If a bidder’s valuation for an item is influenced by how much others value it, then an auction that allows the bidding to be played out over time, such as the English auction, will typically generate more revenue than sealed bid auctions. Seeing others bid high for the item might convince you that the item is worth more than you thought and you might be willing to place a higher bid than you did at first.
CHOOSING FIXED PRICE VS AUCTION:
WTP & REVENUE
WTP: To start, there’s the issue of how informed sellers are about buyer valuations: if the seller knows a lot about WTP, there’s a far better chance he knows what price to directly set. On the other hand, the less information he has about the demand curve, the more sense it makes for a seller to run an auction.
REVENUE: A second consideration when deciding whether an auction is likely to generate more revenue than a fixed-price sale is the time it takes.
In a fixed price sale, the seller gives the buyer the option to buy the item at a given price, usually immediately. If the buyer chooses to purchase the item, she knows almost immediately whether or not she will receive it. In an auction, however, the buyer likely will not learn whether she will receive the item until the very end.
An auction will generate more revenue (and will be more likely to do better than a fixed-price sale) if the buyers’ valuations are relatively close together, since the highest WTP and the next-highest WTP will be close together.

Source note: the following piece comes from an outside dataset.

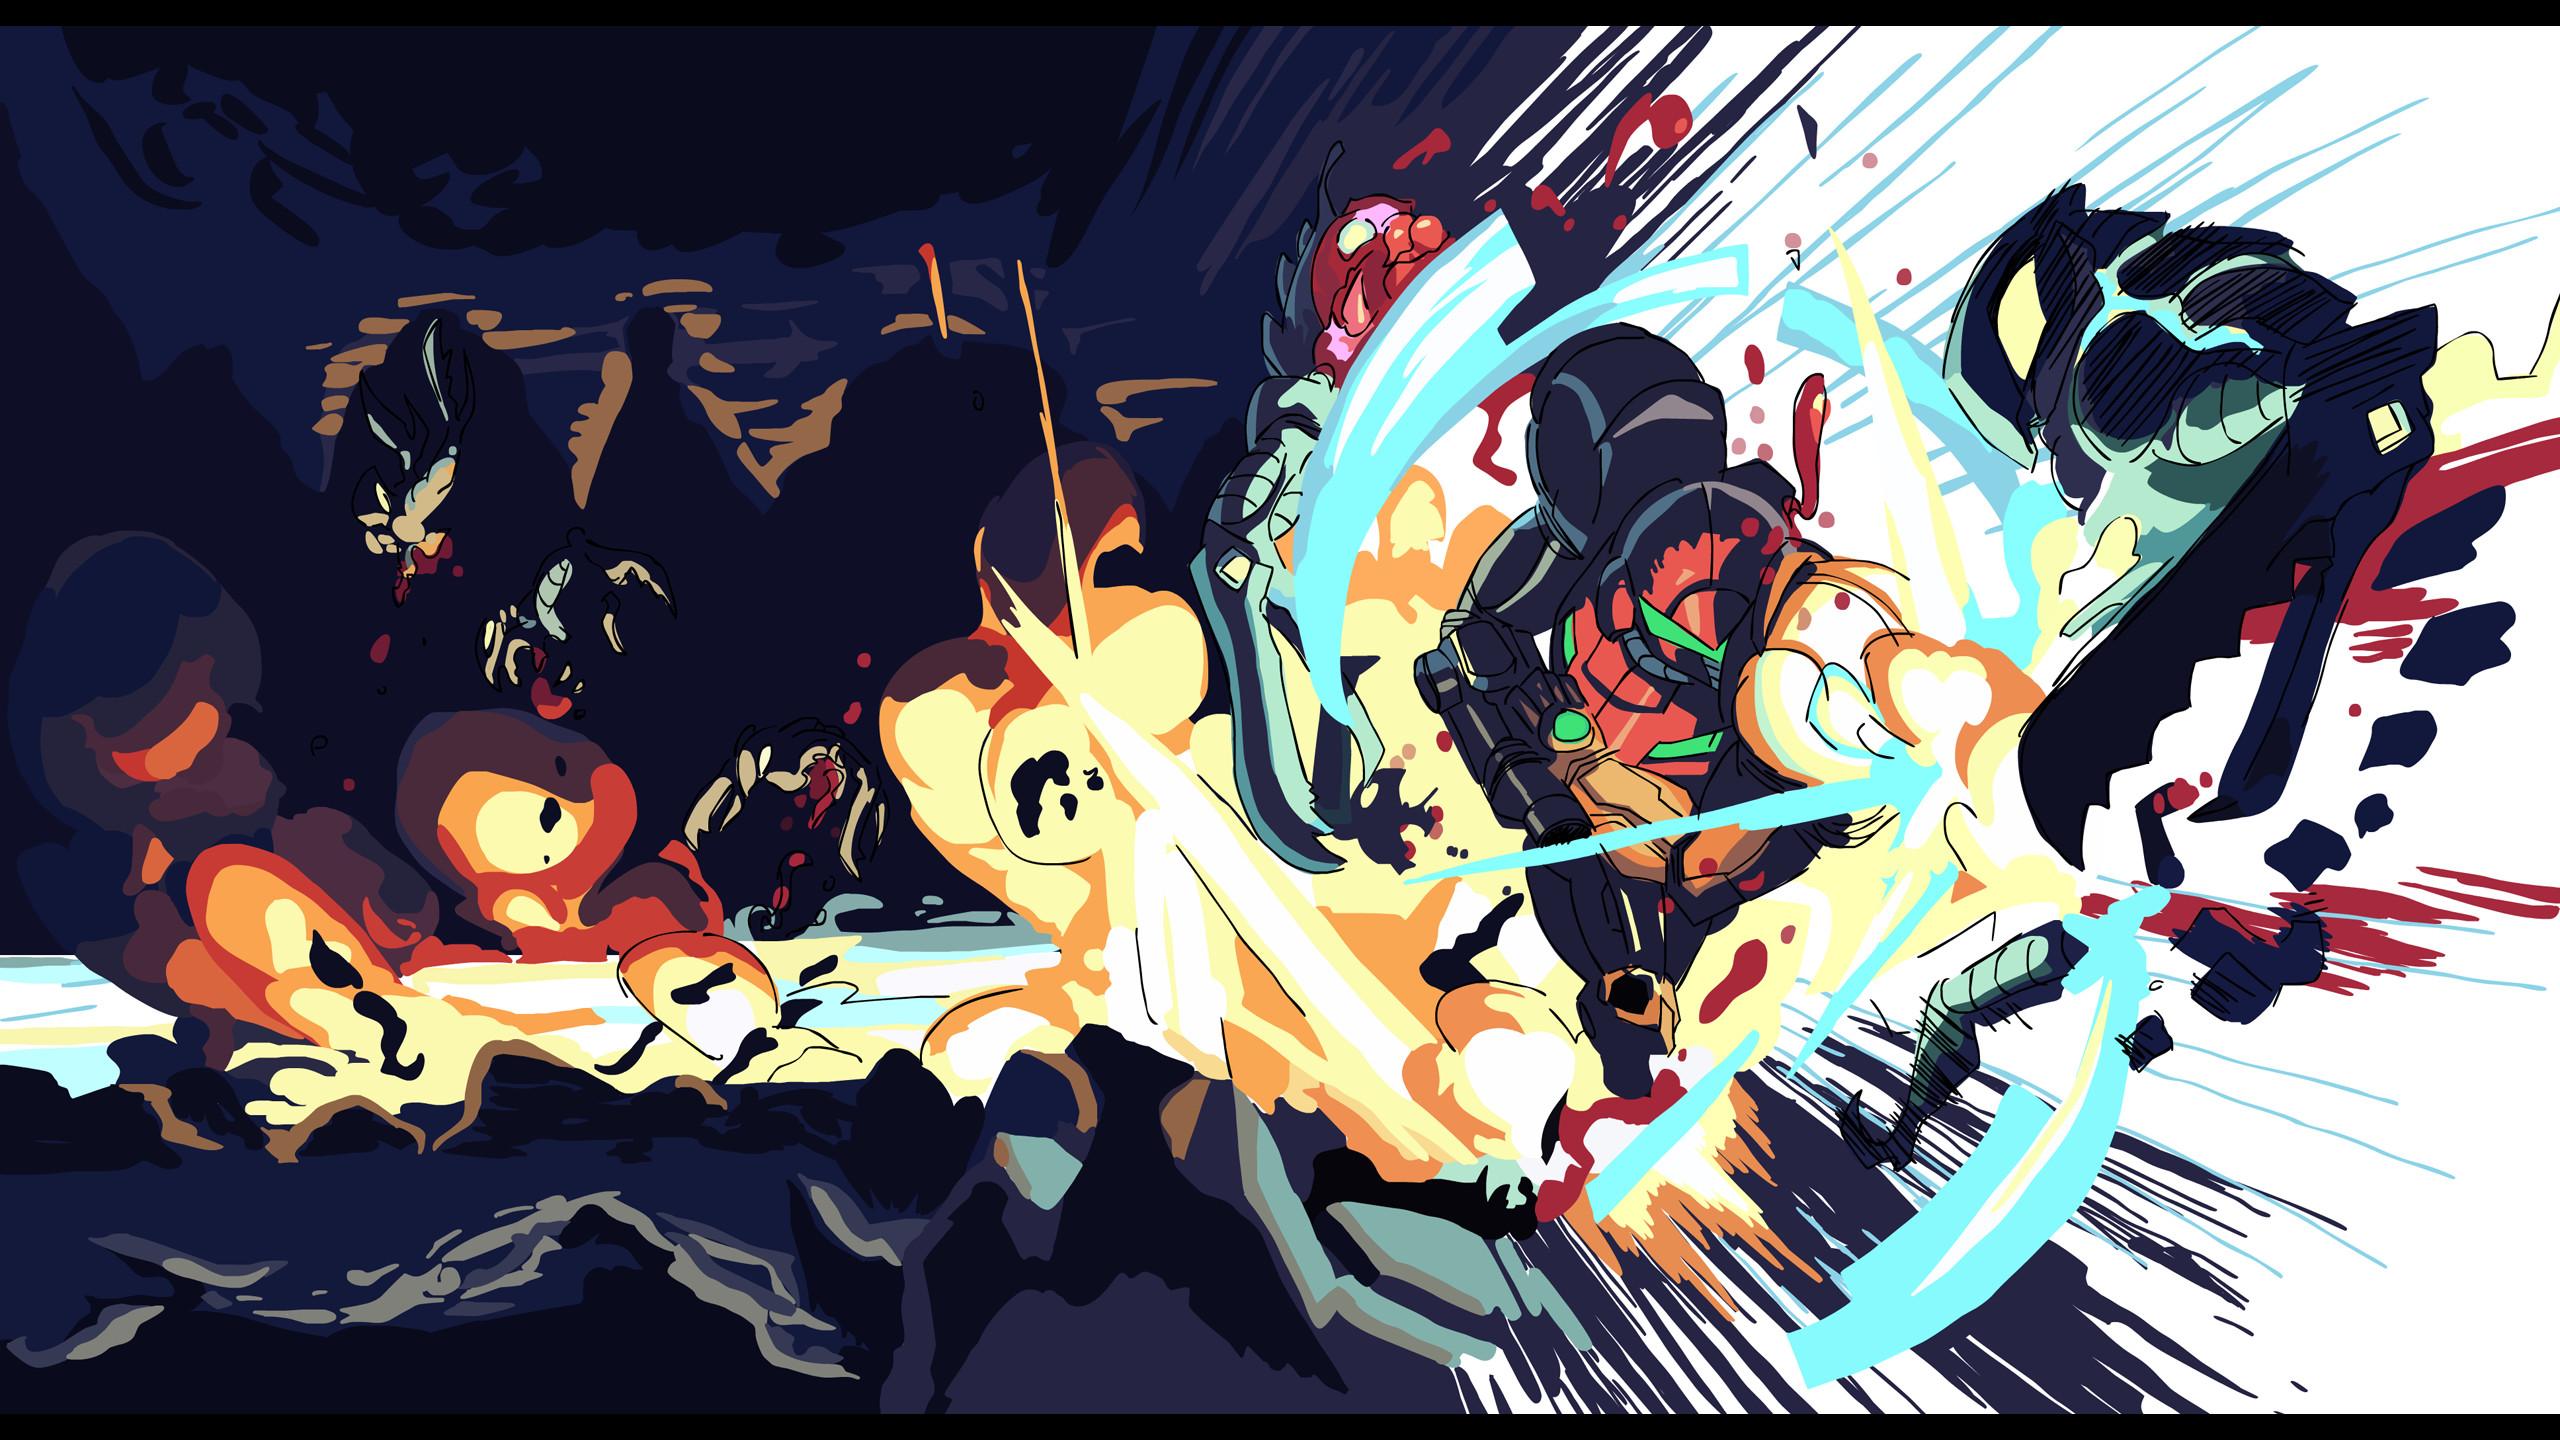 day of the dead samus – Google Search | Metroid: She's All Chrome 83 |  Pinterest | Metroid, Samus aran and Videogames
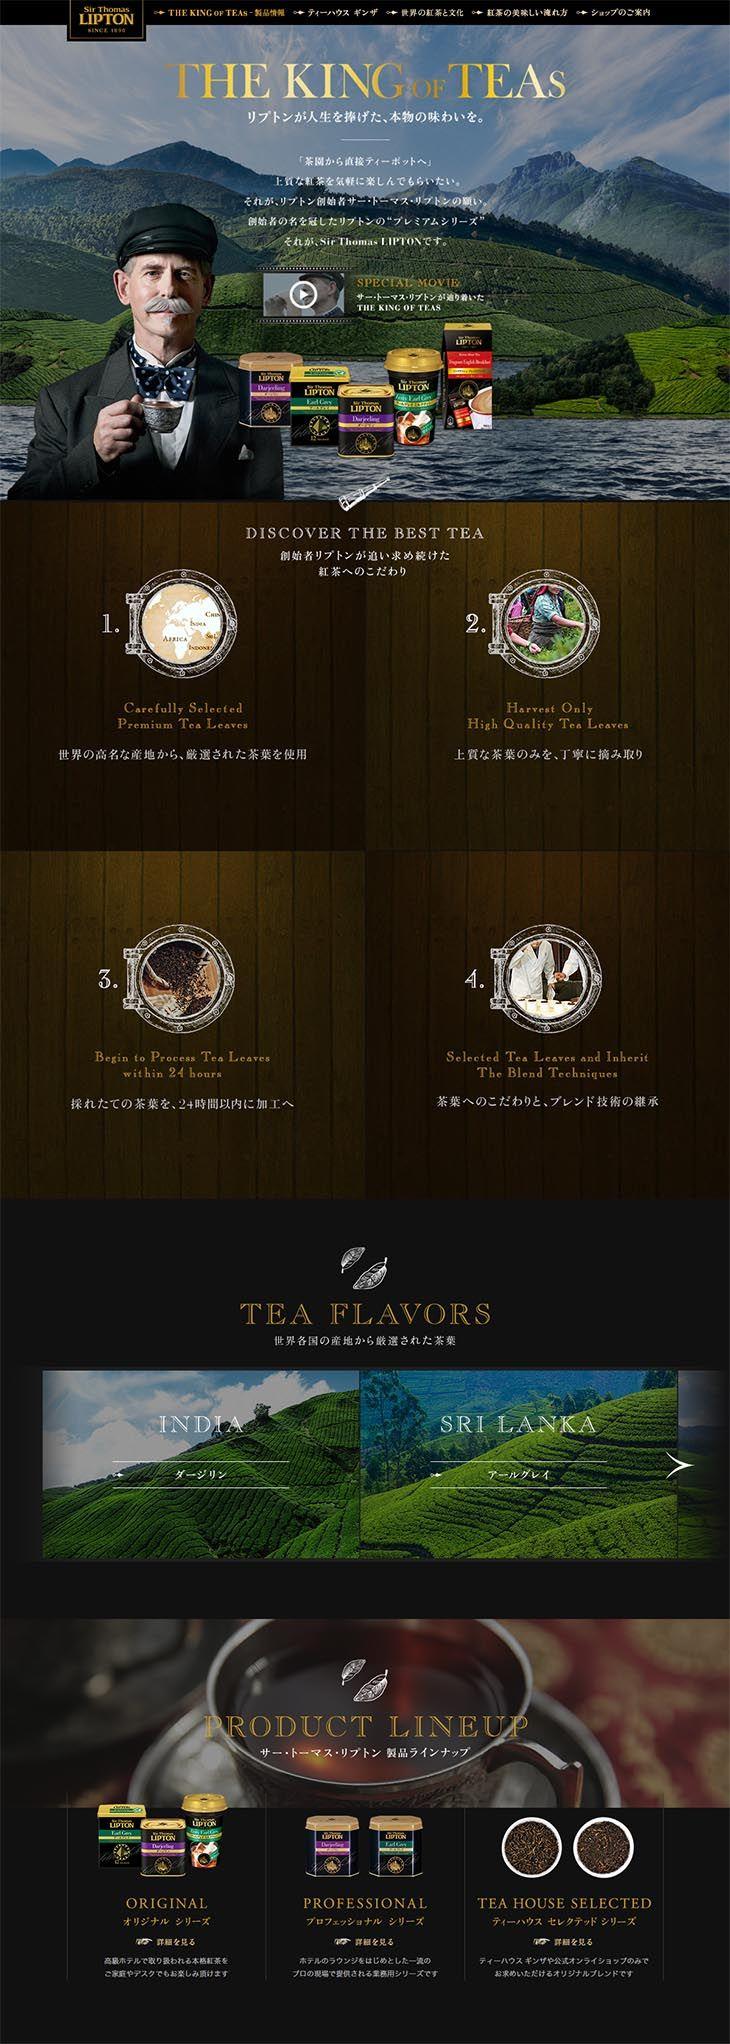 THE KING OF TEAS

The more uncertain a seller is about WTP, the more they prefer
an auction
If sellers are not time-constrained, they can set
a high fixed-price and then slowly lower it. So a fixed price is best. But if sellers have to sell now, then an auction is better since that guarantees the product is sold quickly.
If there is a large gap between the highest and second-highest WTP, then an auction may not be ideal since…
we know that revenue will only be equal to the second-highest WTP. Whereas with the right fixed price you might be able to capture the highest WTP.
Finally, if buyers can influence each other’s WTP (the setting of “interconnected” WTP), then a seller would prefer an ________
English auction – where potential buyers announce their bids aloud.
While the winner’s curse is surprising, it reinforces a fundamental idea about auctions and economics. You do well not by winning or obtaining a product. You win only
when the price you paid is lower than the true value.
The reason that auctions are effective at truthfully revealing buyer WTP is because of ___
competition: bid much lower than your true WTP and you risk losing the product. Bid too high and you risk overpaying if you win it.
The design of auctions is a very rich—and richly explored—topic. The “revenue equivalence” result says that, generally speaking, the design of auctions doesn’t matter: [explain why]
regardless of whether you have an open outcry auction, a sealed-bid second price (or Vickrey) auction, or a sealed-bid first price auction, in every case the winner will pay roughly the WTP of the 2nd highest bidder.
The revenue-equivalence result depends on an important assumption: that buyers have ___
private values. In other words, buyers’ WTP are independent of each other. When this condition is violated—for example, if bidder’s WTP will rise as they realize that other bidders have high WTP—auction design can matter.
The winner’s curse is one of the most sobering results in auctions. It says that ___
when buyers’ WTP are correlated (or, when they have common values)—for example, when bidding on natural resources, construction projects, or service contracts—then the winning bidder usually ends up overpaying. To avoid the winner’s curse, buyers usually shade their bids down from their (perceived) WTP.
Auctions are generally better for ____ than for ___ —since the latter are less likely to capture surplus. As a result, buyers may tend to prefer fixed price settings over auctions
Auctions are generally better for sellers than for buyers—since the latter are less likely to capture surplus.